Log Name:      Application
Source:        .NET Runtime
Date:          9/20/2013 3:47:42 PM
Event ID:      1023
Task Category: None
Level:         Error
Keywords:      Classic
User:          N/A
Computer:      servername
Description:
Application: BTSNTSvc64.exe
Framework Version: v4.0.30319
Description: The process was terminated due to an internal error in the .NET Runtime at IP 000007FDED170BC1 (000007FDECE00000) with exit code 80131544.

Log Name:      Application
Source:        Application Error
Date:          9/20/2013 3:47:42 PM
Event ID:      1000
Task Category: (100)
Level:         Error
Keywords:      Classic
User:          N/A
Computer:      servername
Description:
Faulting application name: BTSNTSvc64.exe, version: 3.10.229.0, time stamp: 0x50fe567a
Faulting module name: clr.dll, version: 4.0.30319.19106, time stamp: 0x51a512d4
Exception code: 0x80131544
Fault offset: 0x0000000000370bc1
Faulting process id: 0xca8
Faulting application start time: 0x01ceb6394f1dd32a
Faulting application path: C:Program Files (x86)Microsoft BizTalk Server 2013BTSNTSvc64.exe
Faulting module path: C:WindowsMicrosoft.NETFramework64v4.0.30319clr.dll
Report Id: 830374f6-222d-11e3-93f8-00155d4683a2
Faulting package full name:
Faulting package-relative application ID:  

Log Name:      System
Source:        Service Control Manager
Date:          9/20/2013 3:47:43 PM
Event ID:      7031
Task Category: None
Level:         Error
Keywords:      Classic
User:          N/A
Computer:      servername
Description:
The BizTalk Service BizTalk Group : BTSOrchHost service terminated unexpectedly.  It has done this 2 time(s).  The following corrective action will be taken in 60000 milliseconds: Restart the service.

Root Cause

There is a change in the .NET 4.5 CLR that results in the BizTalk process crashing during XLANG AppDomain shutdown.  XLANG AppDomain Shutdown is when the .NET AppDomain that contains the Orchestration Engine tears itself down during periods of inactivity or idleness. 

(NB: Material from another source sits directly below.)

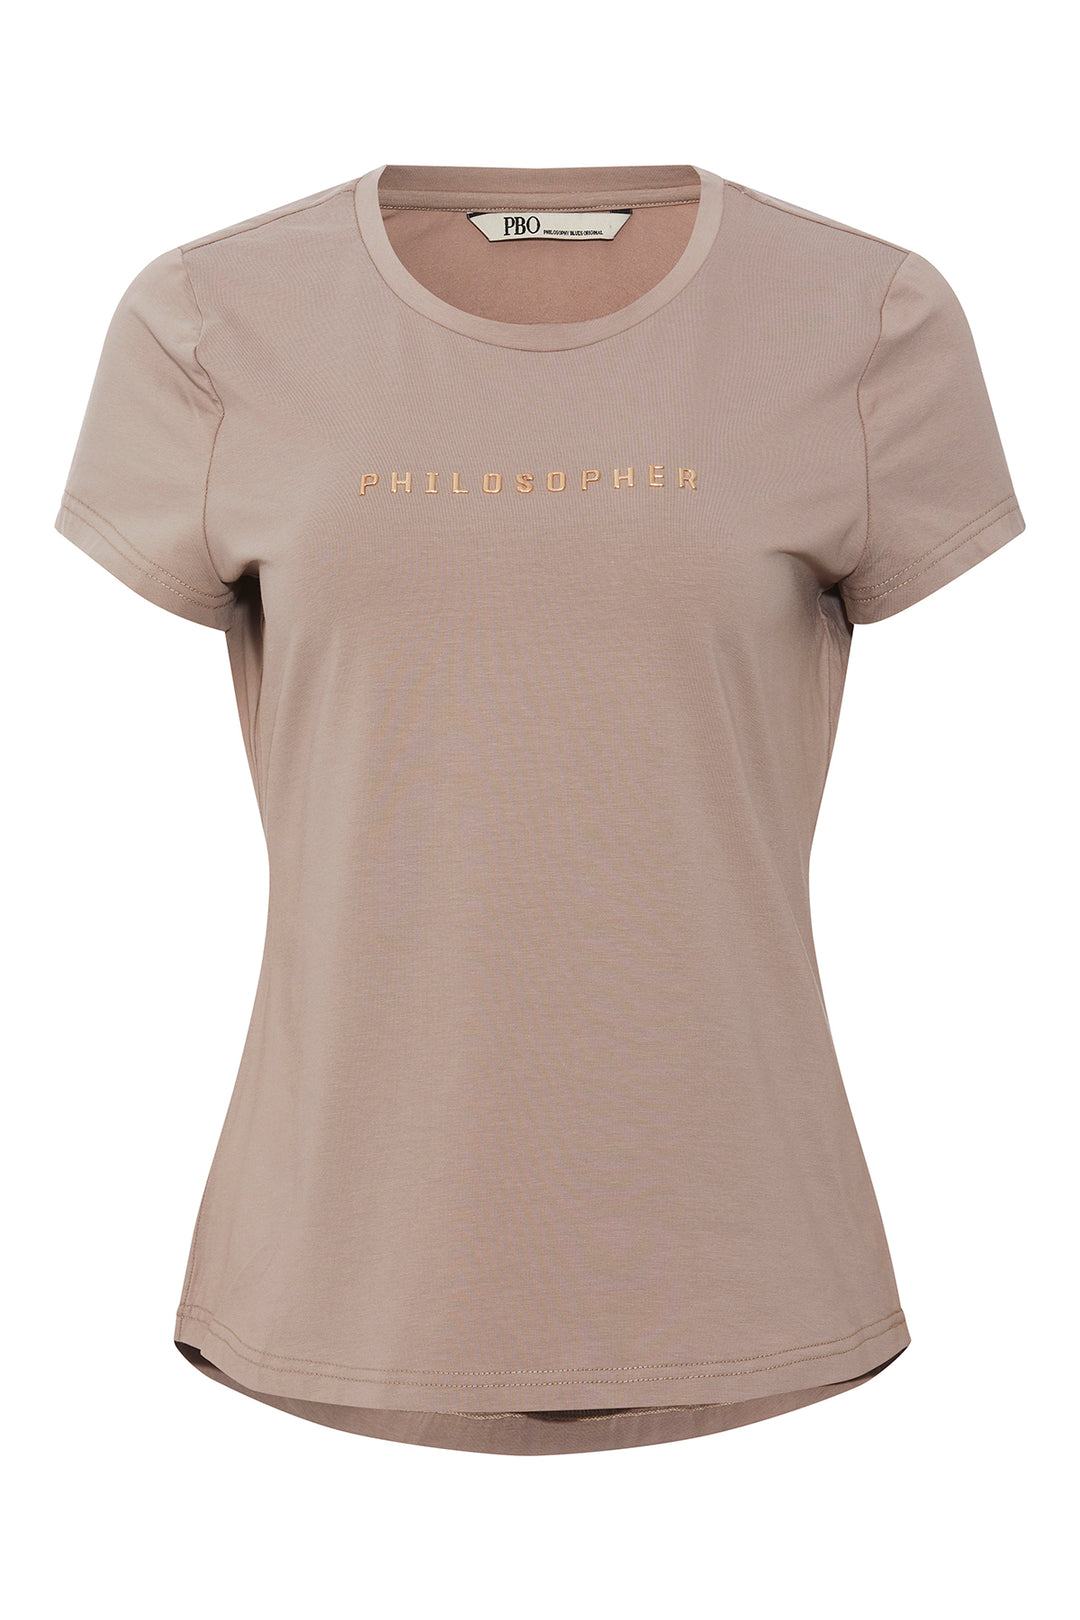 PBO Philosopher T-shirt T-SHIRTS 408 Elm

The Orchestration engine’s AppDomain shuts down by default after 20 minutes of idleness (all orchestration instances are dehydrateable) or 30 minutes of inactivity (no orchestration instances exist).

BTW, if you see this same issue in BizTalk 2010, it’s because you installed .NET 4.5 in your BizTalk 2010 environment – which is not tested or supported.  You need to be on .NET 4.0 if you’re running BTS2010.

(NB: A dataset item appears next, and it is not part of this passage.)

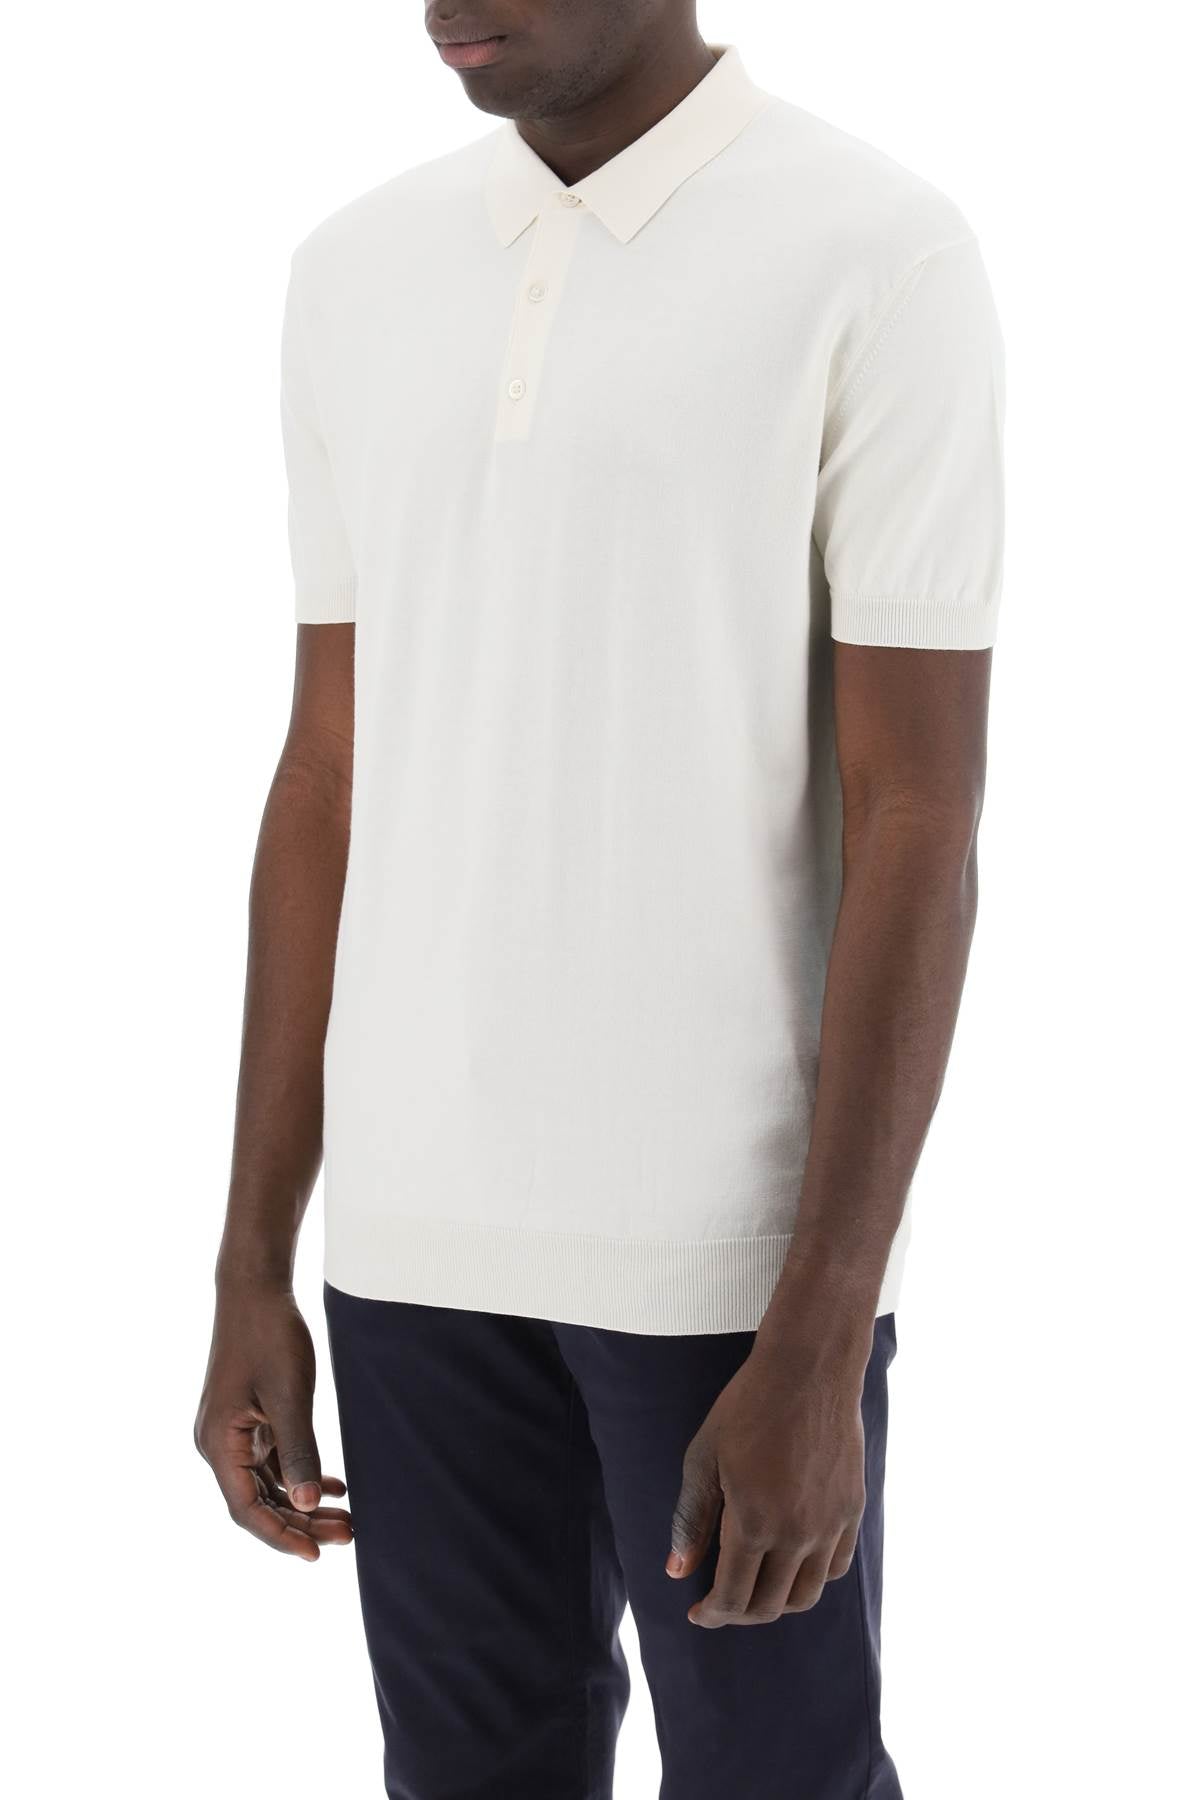 Baracuta short-sleeved cotton polo shirt for-3

Update:  BizTalk 2010 CU7 added support for .NET 4.5 so you should not see this issue once you are on CU7 – see Permanent Solution section for details.

Workarounds

The first and easiest workaround is to do nothing.  Note that this crash happens during periods of idleness/inactivity so your orchestrations aren’t doing anything anyway.  Also, Service Control Manager is configured to bring a BTS process up a minute after a crash so the process will come back up just fine and continue to process fine.  The crash won’t happen again until after there is orchestration activity and another period of idleness/inactivity occurs.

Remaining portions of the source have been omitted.